Nurol Kontrol ve Aviyonik Sistemleri AŞ Genel Müdürü Eray Gökalp, AA muhabirine, şirketin yeni yapısının sağlayacağı avantajlar, devam eden ve planlanan projelere ilişkin açıklamalarda bulundu.

Nurol-BAE Systems ortak girişiminin 2016 yılının ikinci yarısında faaliyetlerine başladığını ifade eden Gökalp, bu ortaklık süresince, şirkette havacılık sektörünün zorunlu kıldığı tüm altyapının başarıyla kurulduğunu, hedeflenen kritik teknolojilerin kazanımı için yatırımlar gerçekleştirildiğini söyledi.

Son dönemde, hem Türkiye'de yüksek bir ivmeyle geliştirilmekte olan yeni nesil havacılık teknolojilerinin, hem de BAE Systems'ın yüksek katma değeriyle başlatılarak sürdürülen yabancı yeni nesil havacılık programlarının kapasite ihtiyaçlarının, sektörde daha etkin olmak adına her iki ortağın da odağını tekrar gözden geçirmesini zorunlu hale getirdiğini vurgulayan Gökalp, şöyle konuştu:

"BNA'nın iş stratejisi, her iki ortağımızın da değerlendirmeleri ile yeniden şekillendirilmek üzere tekrar ele alındı ve ortaklık devri müzakereleri böylelikle başlatıldı. BAE Systems, Türkiye pazarındaki stratejisi ile uyumlu olarak, tüm hisselerini Nurol Holding'e devretme konusunda hemfikir oldu.
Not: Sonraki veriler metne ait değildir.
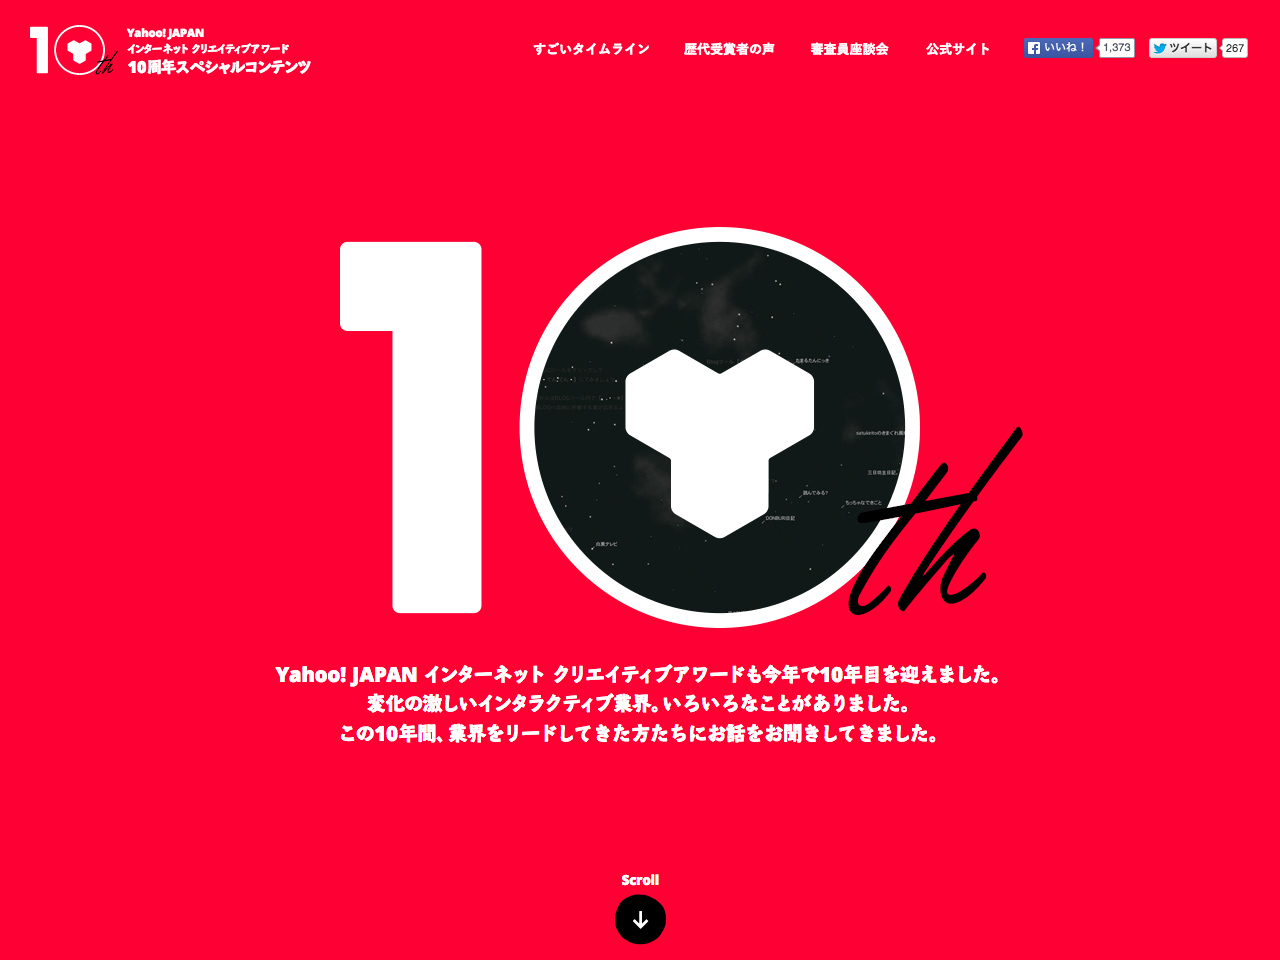 Yahoo! JAPAN インターネット クリエイティブアワード 10周年スペシャルコンテンツ

Böylelikle, her iki ortak da kendi stratejilerine uygun yolu belirleyerek Türk havacılık sektörüne ayrı ayrı katkı sağlamaya devam etme yolunda anlaşmaya vardılar. Ancak yıllarca oluşturulan bu değerli ve güçlü işbirliği, havacılık sektöründe farklı platformlarda ve uygun zamanlamada tekrar canlandırmak üzere her zaman devam edecektir. Nurol Holding, savunma ve havacılık sektöründeki milli hamleye kayıtsız kalmamak üzere, gelişen teknolojileri yakından takip etmekte, gerekli yatırımları yapmakta ve sürekli gelişmeyi hedeflemektedir. Nurol Holding, savunma sanayisinde FNSS, Nurol Makina, Nurol Teknoloji gibi köklü ve başarılı girişimlerinin yanı sıra ülkemizin geçmiş 100 yıllık havacılık tutkusu ve gelecek hedeflerinde en etkin şekilde katkıyı sağlamak üzere BNA'ya olan inanç ve desteğini sürdürme kararlığındadır. Yüzde 100 yerli sermaye yapısıyla yoluna devam eden şirketimiz, hem Nurol Holdingin güçlü deneyim ve altyapısıyla, hem de tümüyle yerli ve kalifiye mühendislik iş gücüyle, Savunma Sanayii Başkanlığının stratejilerine uygun bir şekilde Türk havacılık ve savunma sanayisi projelerine destek sağlamaya devam ediyor. Sektörel deneyimimizin Nurol Grubunun güçlü yapısıyla birleşmesi ve böylelikle savunma sanayimize yerli katkının en üst düzeyde sağlanabilecek olması hepimizi heyecanlandırıyor."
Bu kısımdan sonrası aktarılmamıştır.